If you're using cookies to manage sessions then consider swapping to a different way to authenticate your user.  JWT tokens are very convenient and will let you avoid needing to worry about reconfiguring your caches.  So how can we avoid context?

Avoid session variables


You do not want to persist session state between calls.  The session state forms part of your context and will affect the results of running your program.  This complicates your caching, because you can only cache within the entire context of your transaction.  Your cached results will only be meaningful to the specific case where the user has that exact session state.

The context of your API needs to be limited to the input parameters that it gets from the HTTP request.  Let the client maintain the state of the application and let your API server worry about supplying the data that the client requests.


Dumb down your API


Don't have your API accept every parameter under the sun and serve up responses that are specific to an application context.  Let your API provide information that can be reused in different application states and cached on the edges of your network.

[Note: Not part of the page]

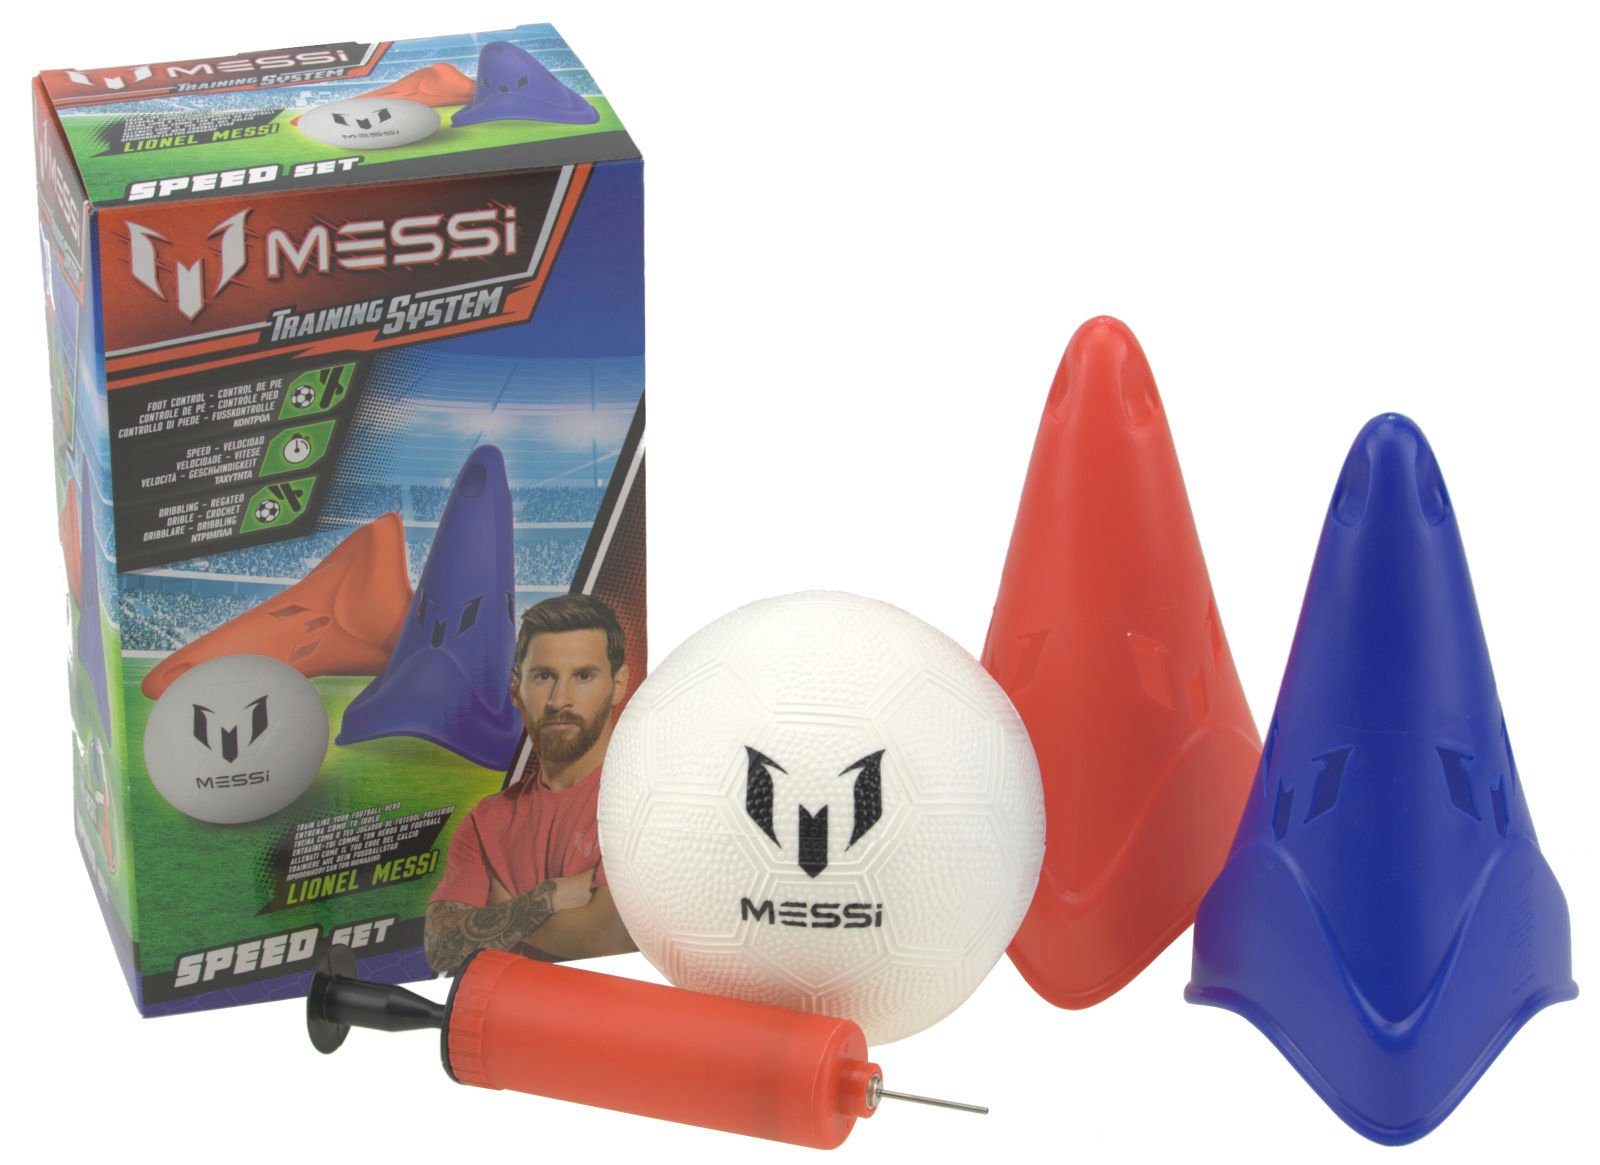 System Messi Training Pylonen Fußballtor und Fußball Speed mit Ball

You might need to rewrite portions of your API and update your clients that consume them.  The performance gains you obtain from this will be significant and will dwarf any efforts you make to optimize your code.  Not running your code at all will always be faster than running optimized code.

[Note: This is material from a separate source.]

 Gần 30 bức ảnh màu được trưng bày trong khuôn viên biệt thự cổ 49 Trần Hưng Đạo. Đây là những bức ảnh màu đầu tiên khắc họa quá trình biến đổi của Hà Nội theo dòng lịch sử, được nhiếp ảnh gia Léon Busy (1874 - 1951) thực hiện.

The effect of dumbing down your API is to limit the variability of the request parameters passed to it.  By limiting the variability you increase the chance that requests will match a previously cached version.

REST


The entire aim of a RESTful API is to maintain stateless operations.

Scaleability is one of the big wins of having a RESTful API.  Sure you'll enjoy other benefits, but for the purposes of this chapter if you make your API RESTful then you'll avoid context and allow your responses to be cached.

There's a lot of focus on REST with regards to verbs and structuring your endpoints.  All of that is good but when it comes to performance don't lose sight of the goal of stateless operations.